Carbon taxes vs. Carbon credits

I don’t know for sure, but I think that I disagree with an explicit carbon tax. Why should the government be any good at deciding which industries have the best chance of improving their energy efficiency (which they are doing when they set the tax rate on a product-by-product basis)?

I suspect it would be better to go for carbon-credit trading system. Have a (declining) aggregate quota of completely tradable carbon credits, issuing them by open-market auctions on a rolling basis throughout the year. To be economically neutral (that is, non-distortionary), the issuer of carbon credits would need to government-independent (although operating within boundaries set by the government) and either work closely with the central bank or be a new branch of the central bank itself.

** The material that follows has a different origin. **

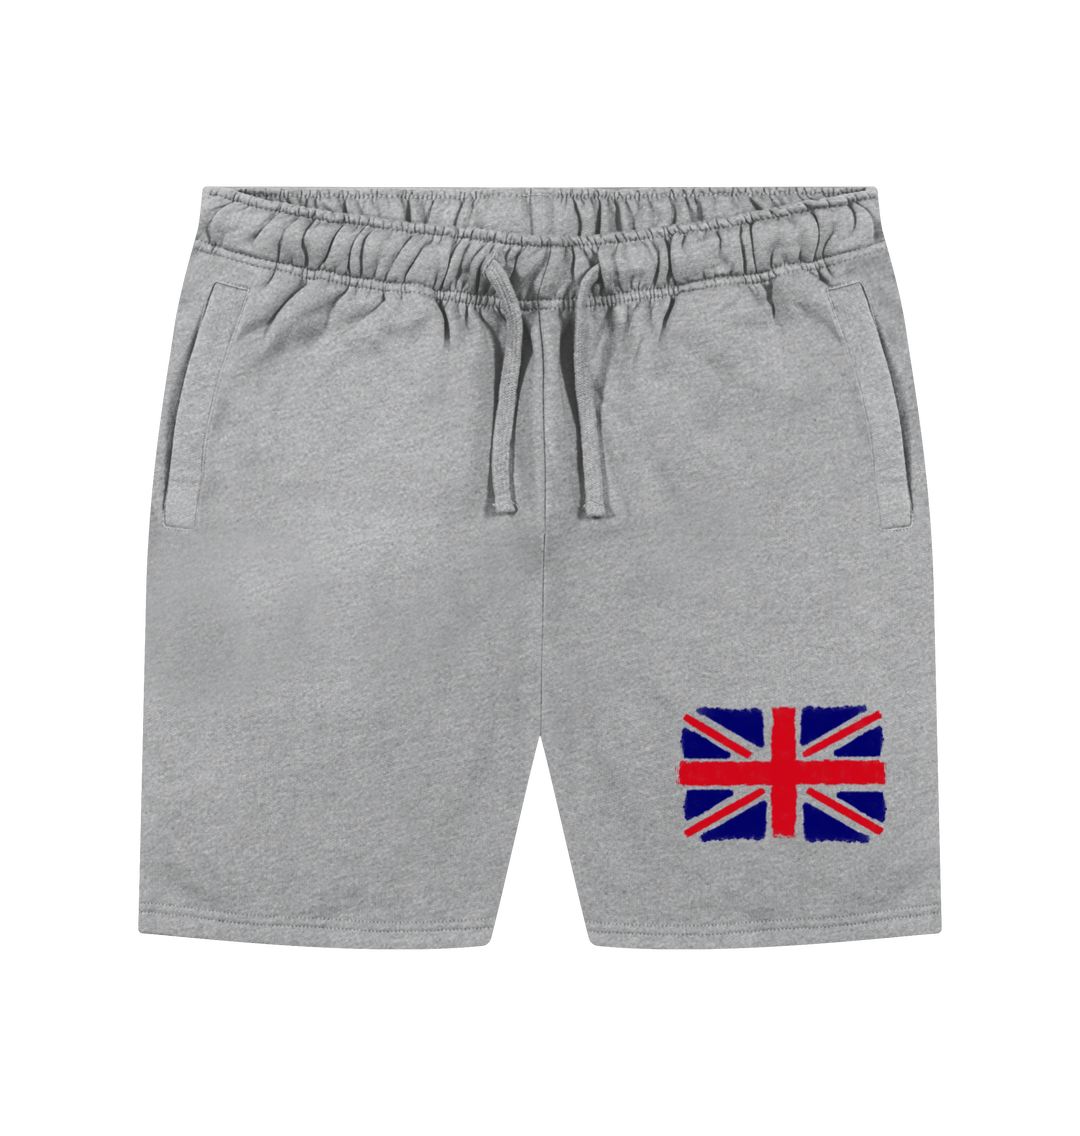 Athletic Grey Union Jack Men's Shorts

This last point would be necessary because if the proceeds from auctioning the credits were not going to be treated as government revenue (and in order to avoid being distortionary, that would need to be the case), any money paid for the credits would need to be recycled back into the economy by the central bank. This would ultimately have the equivalent effect of raising interest rates on carbon-intensive parts of the economy and lowering interest rates for the carbon-free sections while keeping the aggregate rate (and thus, in theory, the overall effect on GDP) unchanged.

In practice, I suspect that we would see some increased volatility in market interest rates and inflation pressures, with both settling down over a few years.

I could be entirely wrong on all this, though. It’s just the result of 20 minutes of thought. I’d welcome any corrections.